'Made in China' labels don't tell whole story By David Barboza (The New York Times) Updated: 2006-02-09 11:50
Foreign expertise has been critical as manufacturing supply chains become
increasingly complex, involving multiple countries that separately produce
individual components that are then shipped to China for final assembly. Since
such a system can render global trade statistics misleading; some experts say
that a more apt label would be "Assembled in China."
Because so many
different people in different places touch a particular product, other experts
say you might as well just throw away the trade figures.
"In a
globalized world, bilateral trade figures are irrelevant," said Dong Tao, an
economist at UBS. "The trade balance between the U.S. and China is as irrelevant
as the trade balance between New York and Minnesota."
China's supply of
cheap labor, coupled with a deliberately undervalued currency, helped bring
about $465 billion in foreign direct investment into China from 1995 to 2004,
making the country one of the hottest destinations in the world for foreign
capital.
In the electronics industry, relocations to China
mainland have soared. A decade ago, Taiwan controlled the computer
components market and relied on domestic manufacturing. Now, Taiwanese companies
produce 80 percent of the world's motherboards, 72 percent of all notebook
computers and 68 percent of liquid crystal display monitors. And most of the
assembly takes place in Chinese mainland.

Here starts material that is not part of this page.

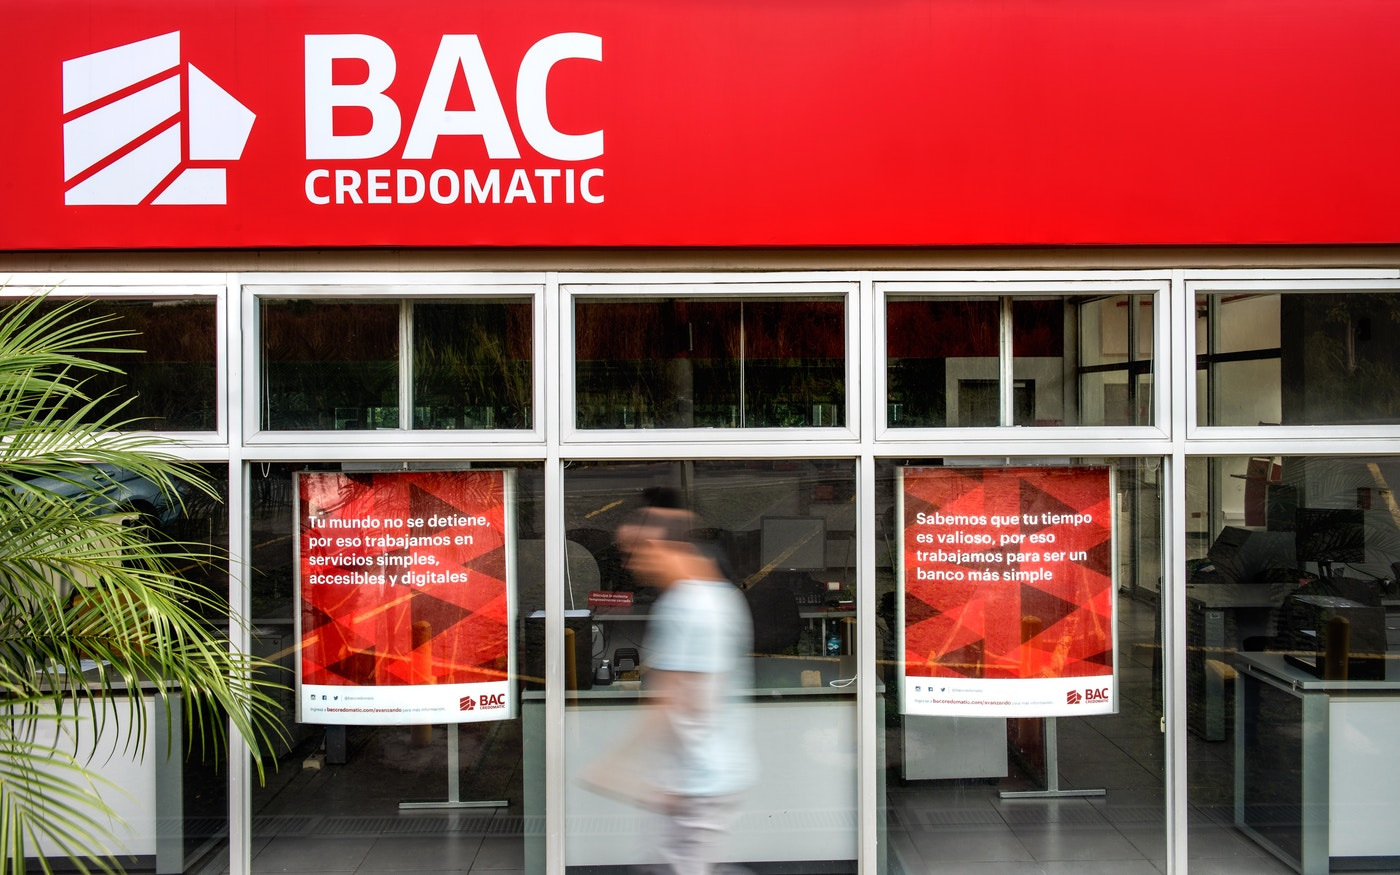 BAC Credomatic storefront

"Everyone has moved to China,"
said Tony Yang, an executive at AOpen, a subsidiary of Acer, a
huge computer and electronics company in Taiwan. "Our suppliers, our
buyers, their main production facilities have all been relocated. Wages in
Taiwan are just too high."
Japanese and South Korean companies are also
coming to China in force. Panasonic of Japan now has 70,000 employees working in
China; Toshiba's largest information technology production site in the world is
in the Chinese coastal city of Hangzhou. And Samsung, the South Korean company,
has 23 factories, 50,000 employees and all of its notebook PC production in
China. Its last computer notebook factory in South Korea closed last
year.
The migration has left footprints in trade statistics. In 1990,
Japan was America's dominant trading partner in the Pacific, and Asia accounted
for 38 percent of all U.S. imports.
Last year, however, China was Asia's
dominant trading power. The country's trade with the United States has soared
about 1,200 percent since 1990. And yet Asia's share of imports into the United
States has held remarkably steady, at 38 percent. In other words, if production
labels simply read "Made in Asia," almost nothing changed from 1990 to 2005,
except that many goods got a lot cheaper as China took on a greater role as the
world's factory floor.
Even as that shift was taking place, most Asian
countries retained and even expanded their powerful influence in the global
supply chain, designing increasingly sophisticated models, making the
preassembly components, and carrying out the marketing and brand management. So,
while China now has an estimated $200 billion trade surplus with the United
States, it also has a $137 billion trade deficit with the rest of Asia.